▶ _MATERIAL PROVIDED_
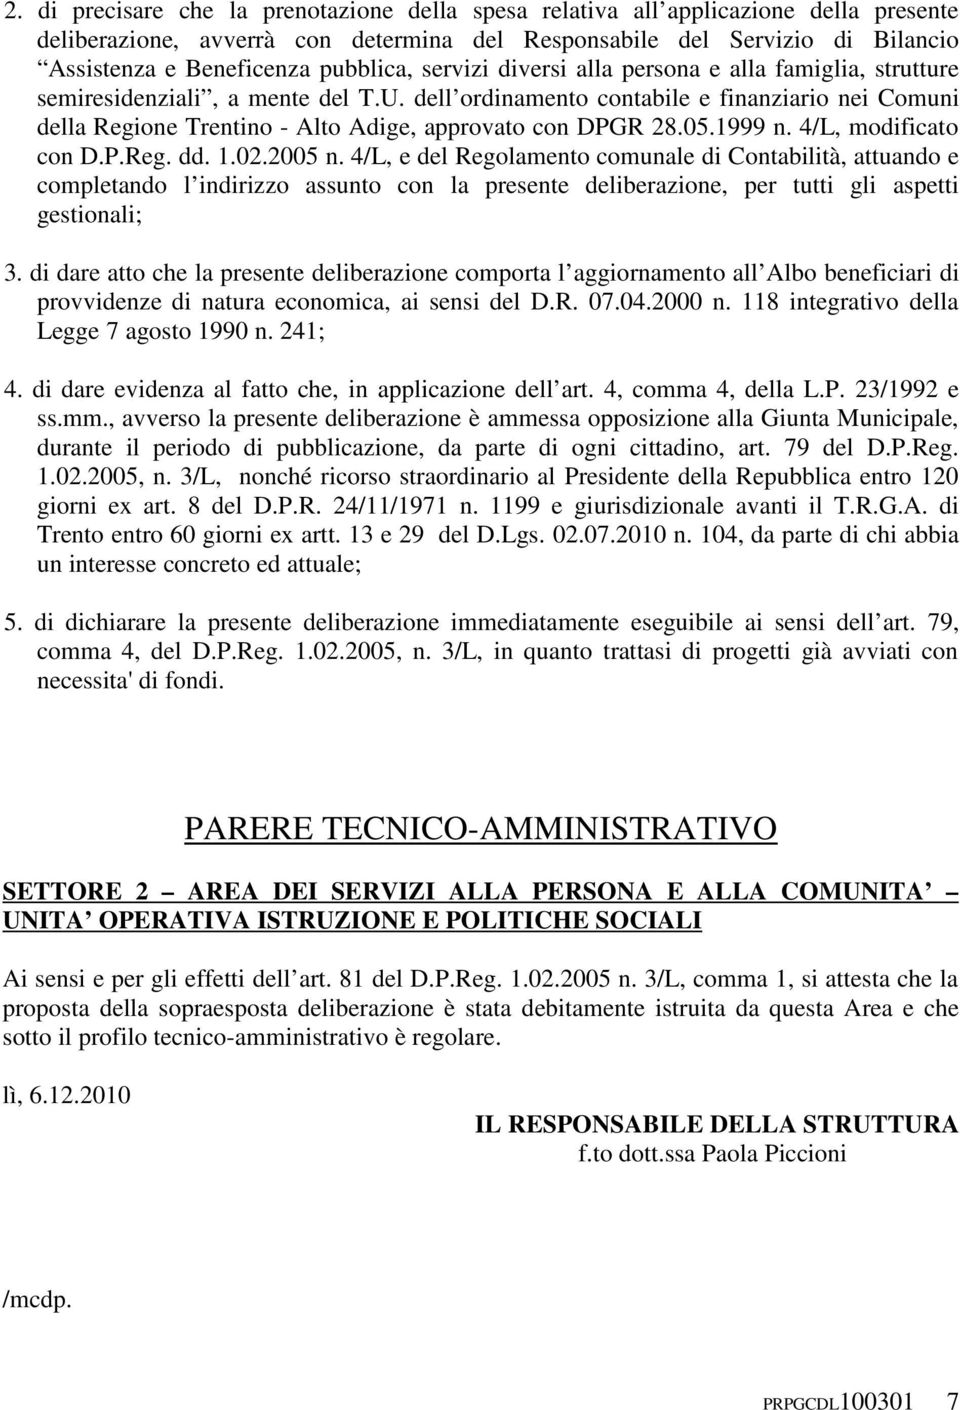 dell ordinamento contabile e finanziario nei Comuni della Regione Trentino - Alto Adige, approvato con DPGR 28.05.1999 n. 4/L, modificato con D.P.Reg. dd. 1.02.2005 n.
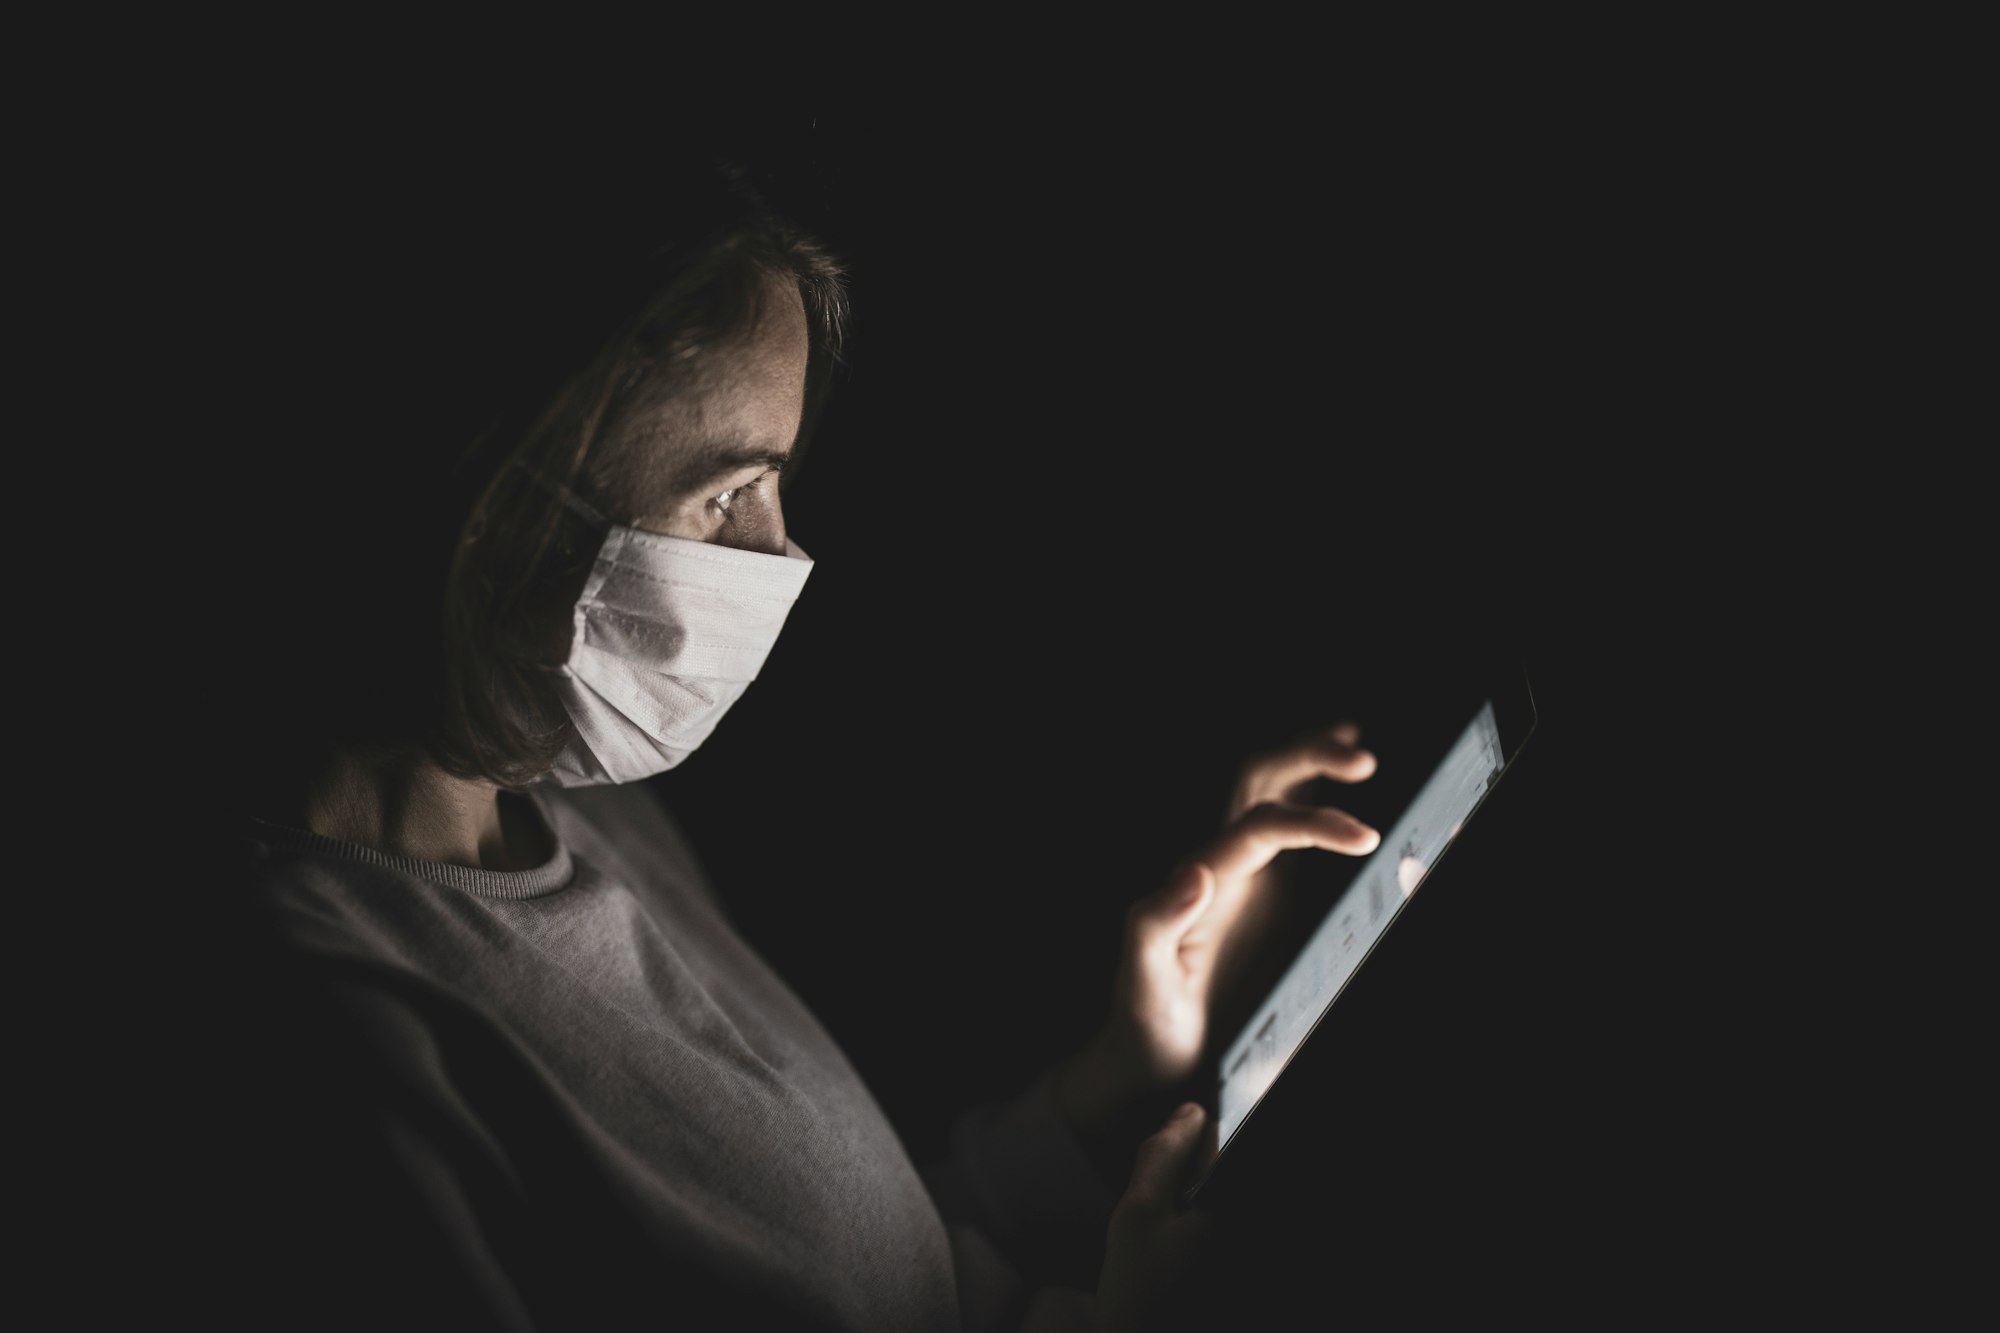 COVİD-19 pandemi sürecinde online eğitimde kişisel verilerin korunmasına ilişkin öneriler
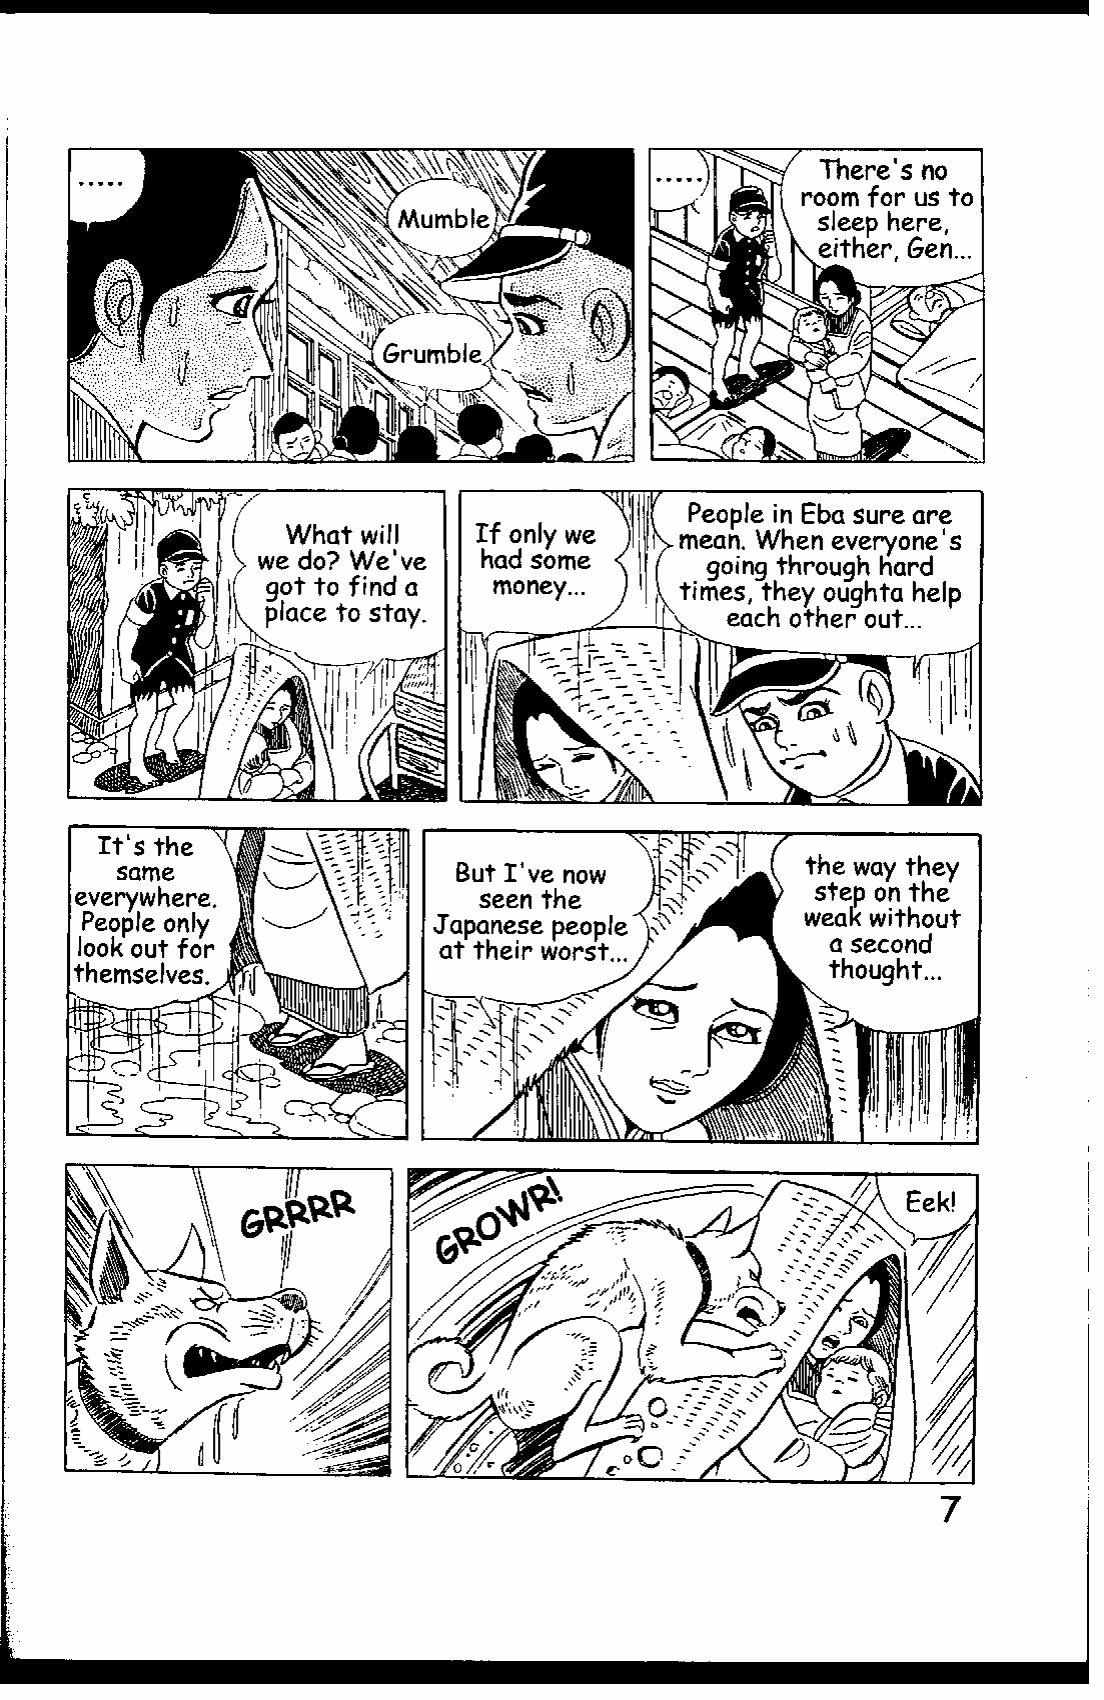 Hadashi No Gen - 5 page 6-8d65a1d7

▶ _WHAT IS NEEDED_
The listing must be repeated word for word, and none of its pictures may appear in the copy.

▶ _RESULT OF THIS TASK_
 dell ordinamento contabile e finanziario nei Comuni della Regione Trentino - Alto Adige, approvato con DPGR 28.05.1999 n. 4/L, modificato con D.P.Reg. dd. 1.02.2005 n.
 COVİD-19 pandemi sürecinde online eğitimde kişisel verilerin korunmasına ilişkin öneriler
 Hadashi No Gen - 5 page 6-8d65a1d7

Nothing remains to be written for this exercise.